Around 930 Willa married Berengar II of Italy. The marriage was arranged by Willa's paternal uncle Hugh of Italy. About 940, however, Berengar led an unsuccessful revolt of Italian nobles against Hugh. Afterwards, he fled to  the court of King Otto I of Germany. Although she was heavily pregnant, Willa left Italy, too, travelling through the Alps in the winter to rejoin her husband in Germany.

In 950 when Berengar was crowned king of Italy, Willa became his queen consort. Berengar held Willa in high regard and designated her his consors regni (partner in rule).
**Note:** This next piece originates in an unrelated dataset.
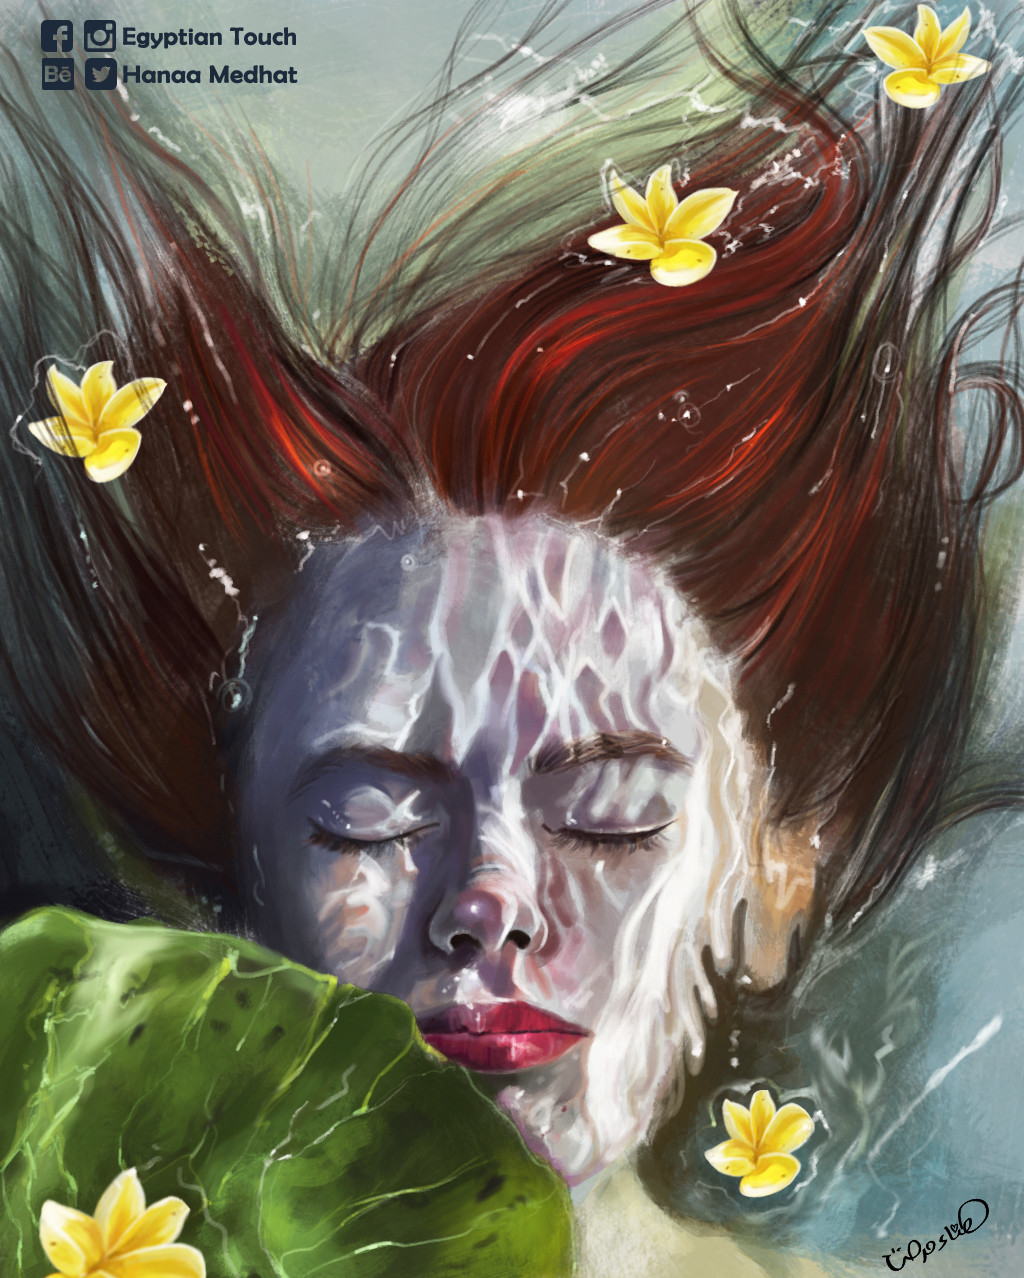 Hanaa medhat underwater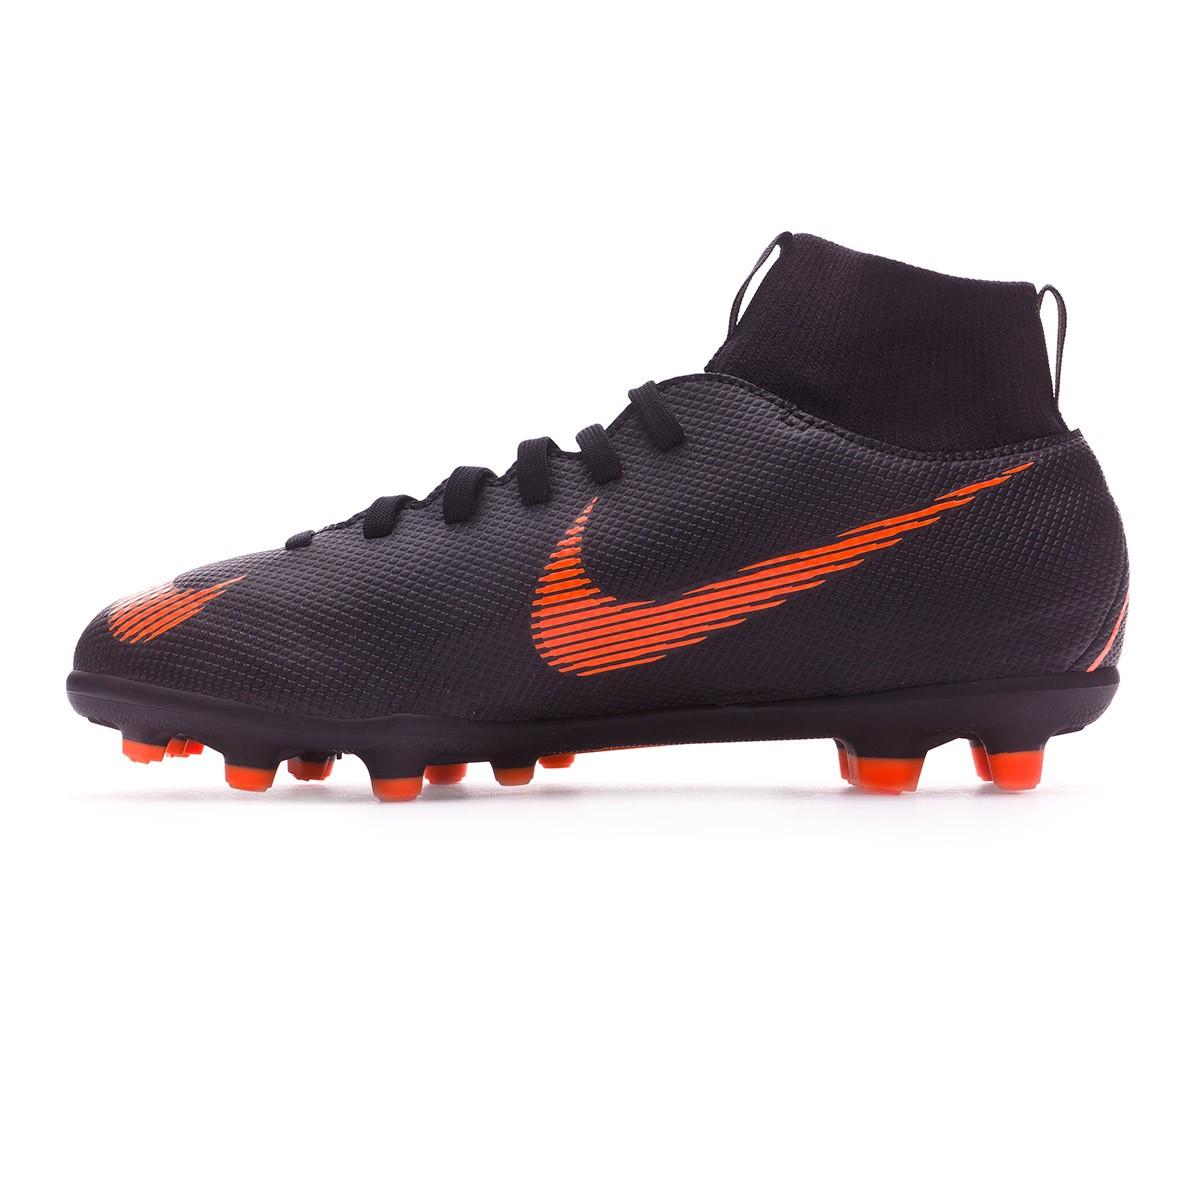 90299b59f691d Football Boots Nike Kids Mercurial Superfly VI Club MG Black-Total  orange-White - Tienda de fútbol Fútbol Emotion

The contemporary chronicler Liutprand of Cremona, raised at the court at Pavia, wrote about both Berengar and Willa in negative terms. He included several particularly vivid accounts of Willa's character in his Antapodosis, including that she supposedly committed adultery with her chaplain Dominic, "a small priest, puny in height, soot-coloured, rustic, hairy, intractable, rough, shaggy, wild, uncouth, crazy; rebellious, iniquitous, with a tail-like appendage". In order to avoid discovery, Willa apparently cast spells upon her husband. When Berengar held Adelaide of Italy captive in 951 Willa supposedly mistreated her.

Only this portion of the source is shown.